9. In upholding the preliminary objection, the learned judge stated:“… The claimants have brought out a suit in contravention of the rules of procedure. Such rules are mandatory in nature and intent. Rule 9 (2) and (3) is intended to clearly express the extent of the claim and therefore serve as a notice to the respondent of the extent of anticipated liability. It eliminates ambush and warns the respondent of the areas to address in defence. This would not fall into the criterion of undue regard to technicalities envisaged by Article 159 (2) (d) of the Constitution.The application is therefore not sustainable. It must fail. I am therefore inclined to dismiss the application in its entirety for being incompetent, formless and devoid of merit. This being the situation, the entire suit collapses without apology. “
10. Aggrieved by the above verdict, the appellants filed a notice of appeal dated 15th December 2017 and a memorandum of appeal dated 16th February 2018 in which they have cited 11 grounds of appeal. It is important to mention that in their memorandum of appeal, the appellants state that they are appealing against a judgment delivered on 15th December 2017. This must be a mistake. What was delivered on the said date is the ruling highlighted above which upheld the 1st respondent’s preliminary objection and struck out the suit.
11. The grounds cited in the memorandum of appeal can be summed up as follows: (a) the learned judge failed to consider the evidence presented before him; (b) failed to adjudicate the principle of legitimate expectation which had been raised; (c) failed to allow the suit to proceed to full hearing (grounds 3, 4 and 7); (d) failed to uphold the rights of the employees; (e) failed to determine a contempt application which was pending before him; (f) erred in dismissing the case on a technicality contrary to Article 159 (2) (d) of the Constitution, and, (f) used a none existent annexture; (g) failed to appreciate the merits of both the application and the suit, and, (h) failed to address the rights and claims of the 5 claimants whose address and particulars had been provided.
12. The appellants pray that the appeal be allowed and the impugned ruling be set aside.

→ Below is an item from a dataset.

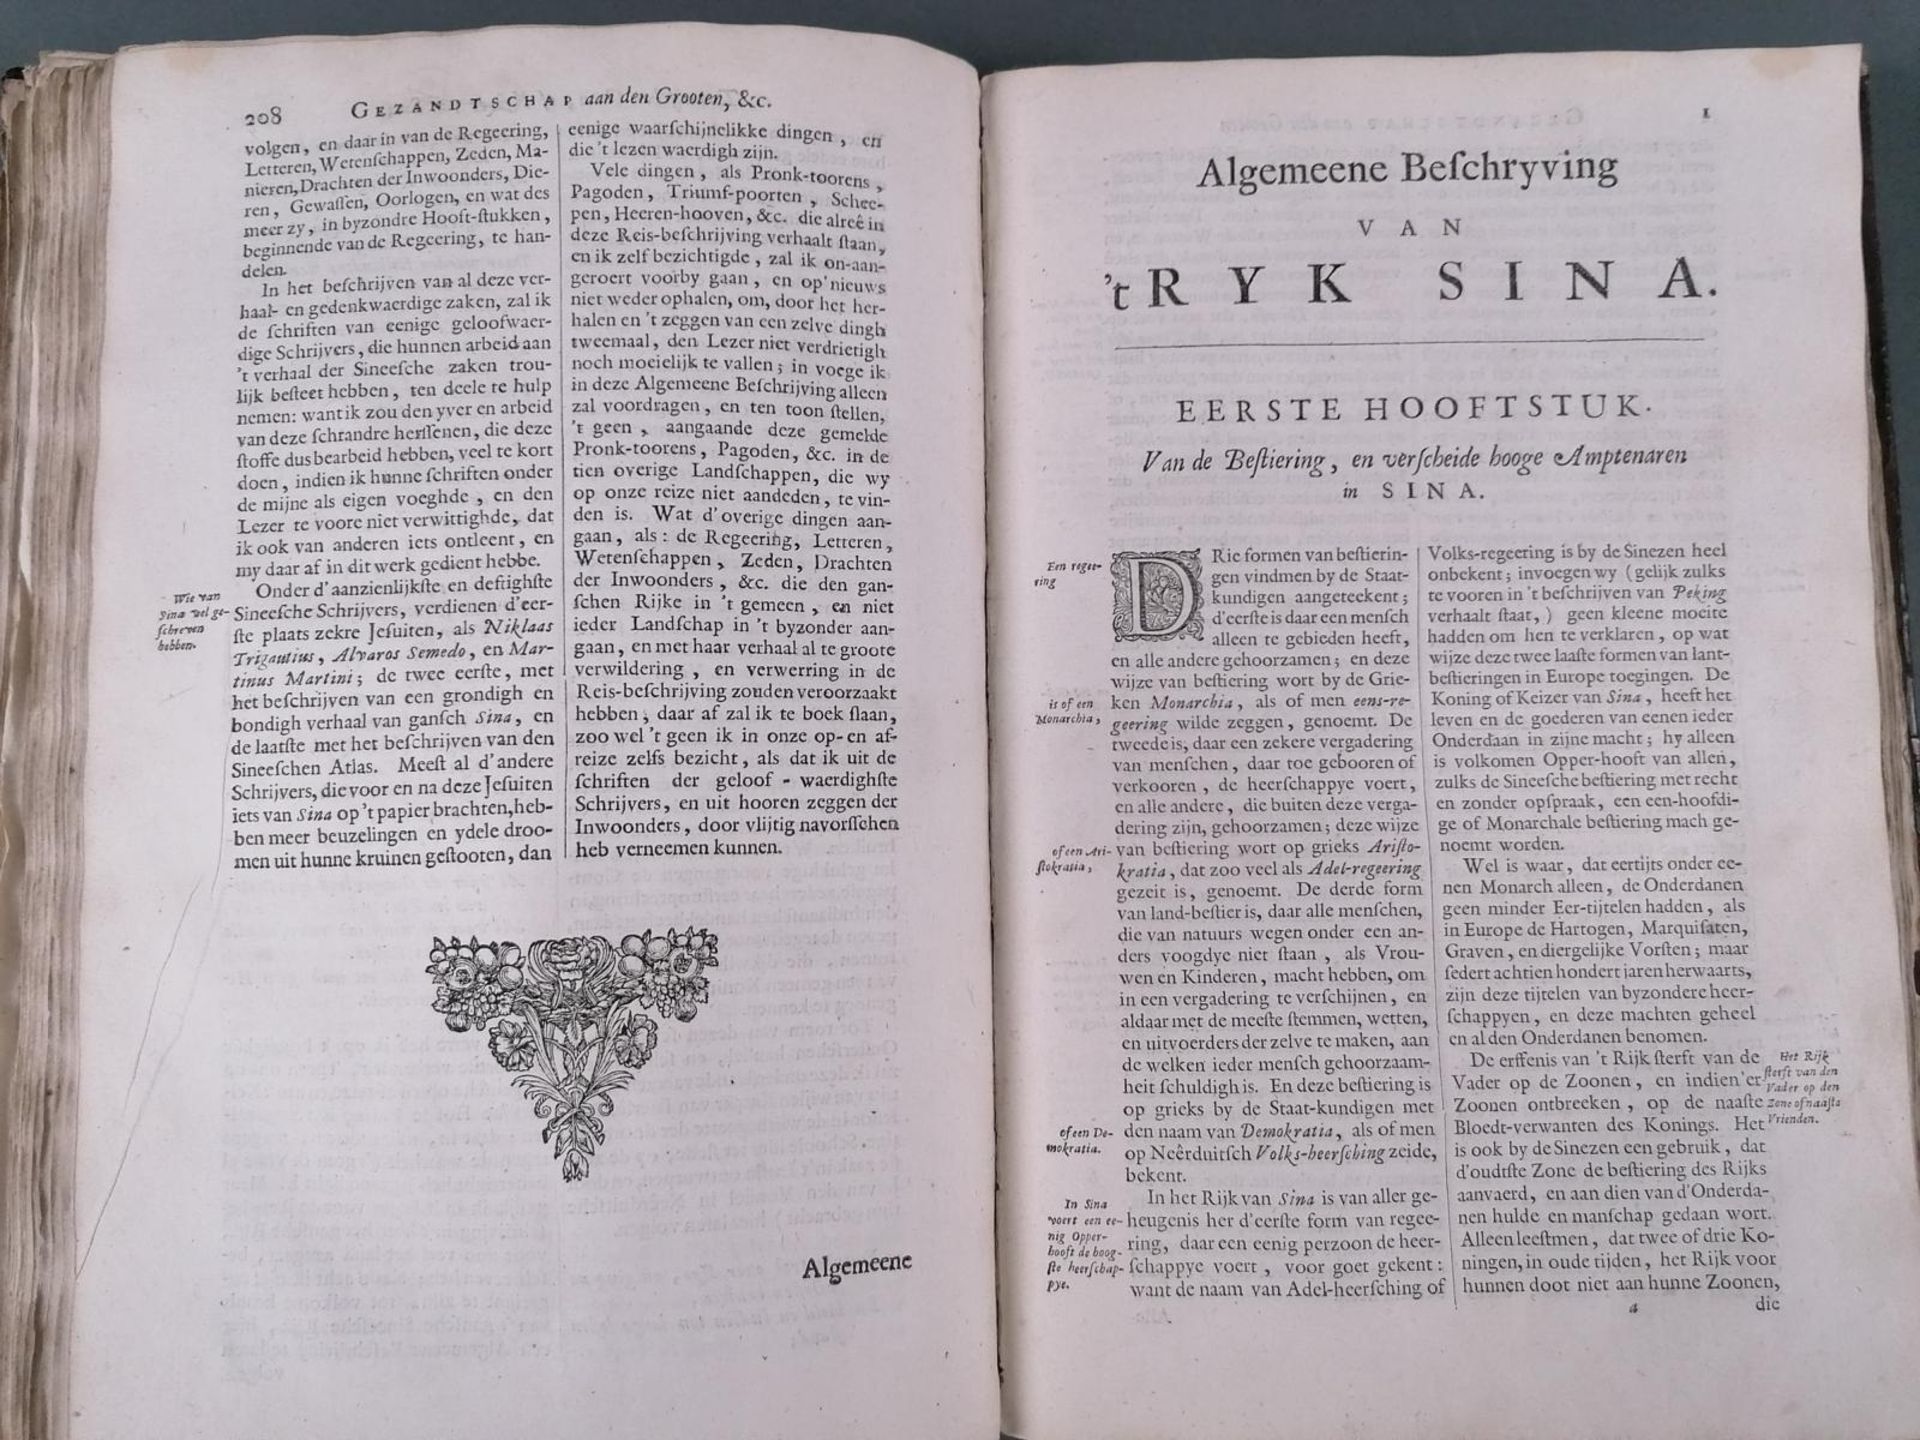 Nieuhofs China-Buch. 1665. (Die Gesandtschaft der Niederländischen Ostindienkompanie an den großen T - Image 20 of 26

They also pray for a declaration that the appellants were hired legally, and that they be issued with confirmation letters. In all honesty, these two prayers are misguided because they presuppose the suit was heard on merits and a final judgment rendered. The suit was struck out on grounds that it did not comply with Rule 9 (2). We say no more. Lastly, the applicant prays for costs of this appeal plus interests at court rates and any other relief this Court may deem necessary.
13. During the virtual hearing of this appeal on 4th March 2025, learned counsel Mr. Peter Wanyama appeared for the appellants. Learned counsel Ms Oganga appeared for held brief for Mr. Mutai for the 1st respondent while learned counsel Mr. Kipkoech appeared for the 2nd respondent.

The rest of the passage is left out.